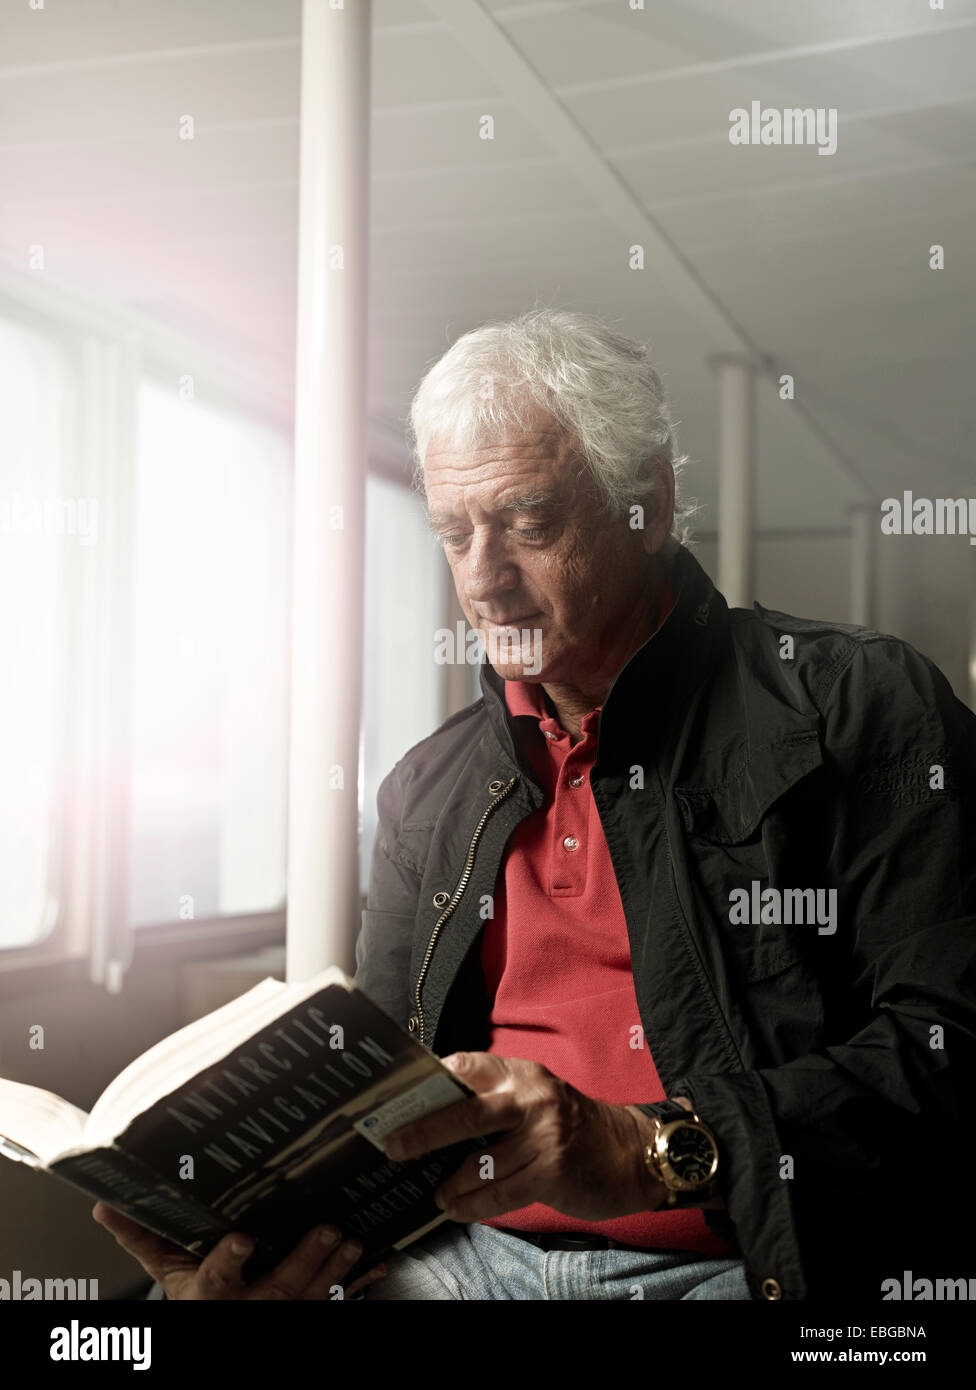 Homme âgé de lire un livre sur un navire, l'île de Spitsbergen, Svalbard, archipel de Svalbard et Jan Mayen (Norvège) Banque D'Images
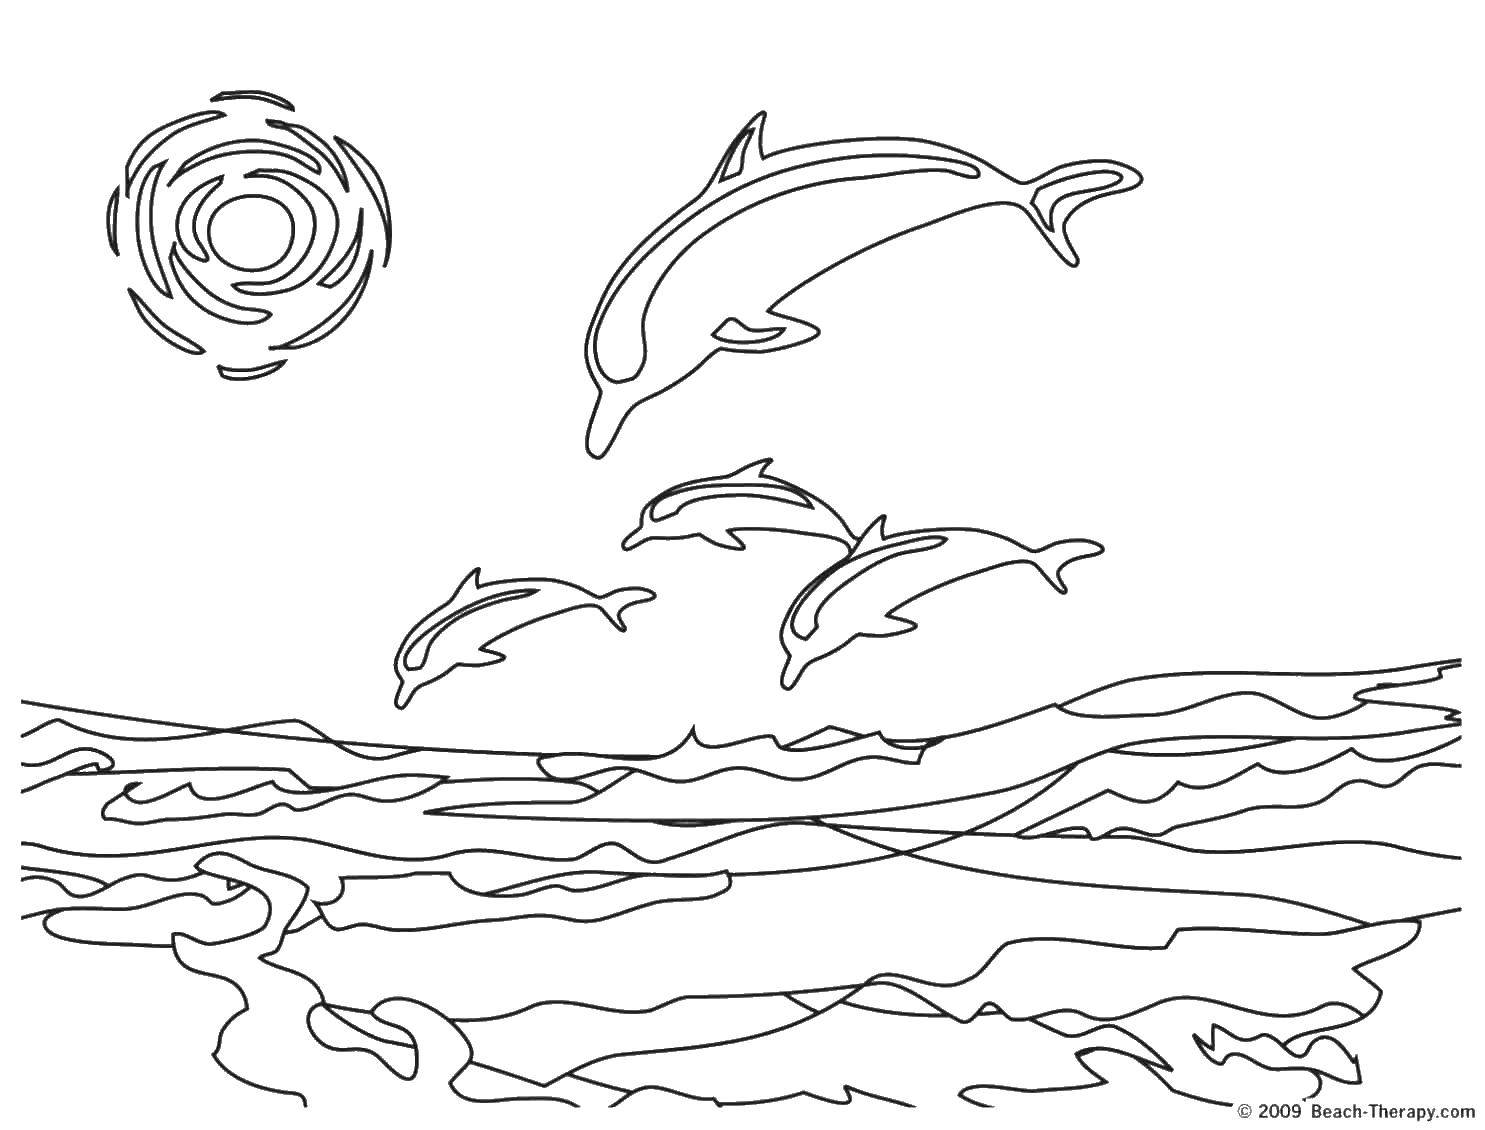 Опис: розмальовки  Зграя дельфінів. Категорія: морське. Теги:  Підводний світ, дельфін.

--

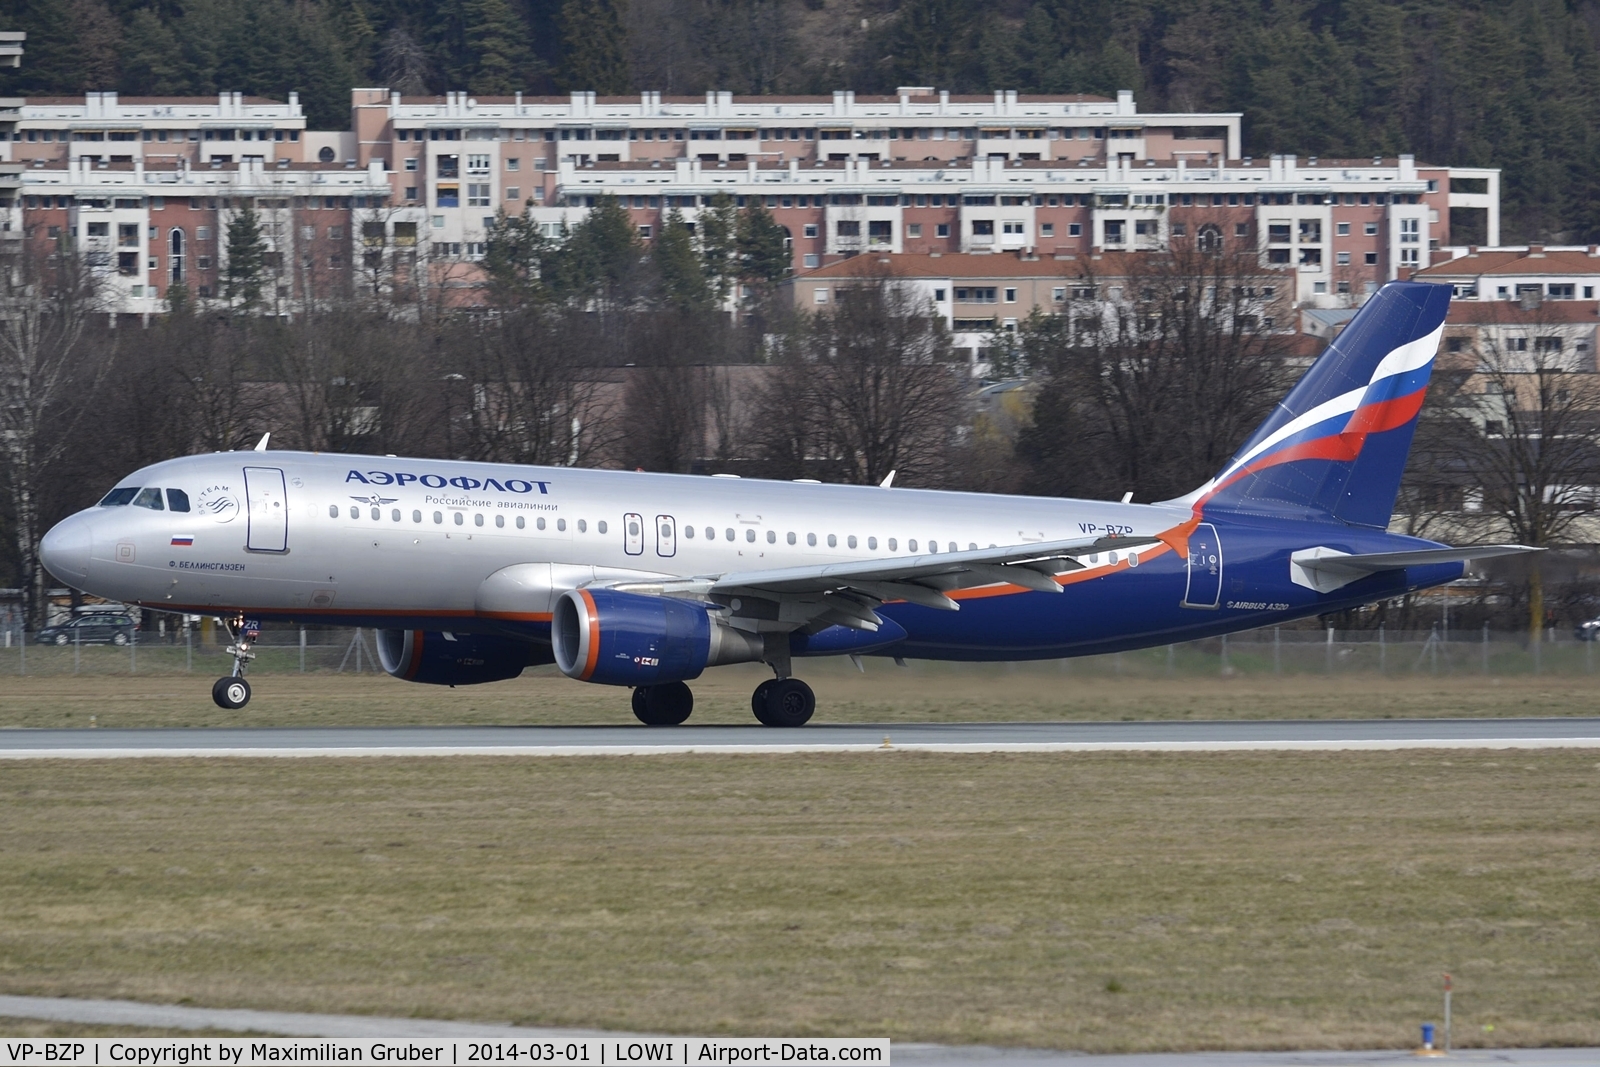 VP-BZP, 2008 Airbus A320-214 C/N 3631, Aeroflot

** Brief **
Now transcribe the lines above exactly, starting at the line containing "Homme âgé de" and ending at the line containing "Підводний світ, дельфін.", both lines included, pictures excluded.

** Problem solution **
 Homme âgé de lire un livre sur un navire, l'île de Spitsbergen, Svalbard, archipel de Svalbard et Jan Mayen (Norvège) Banque D'Images
 Опис: розмальовки  Зграя дельфінів. Категорія: морське. Теги:  Підводний світ, дельфін.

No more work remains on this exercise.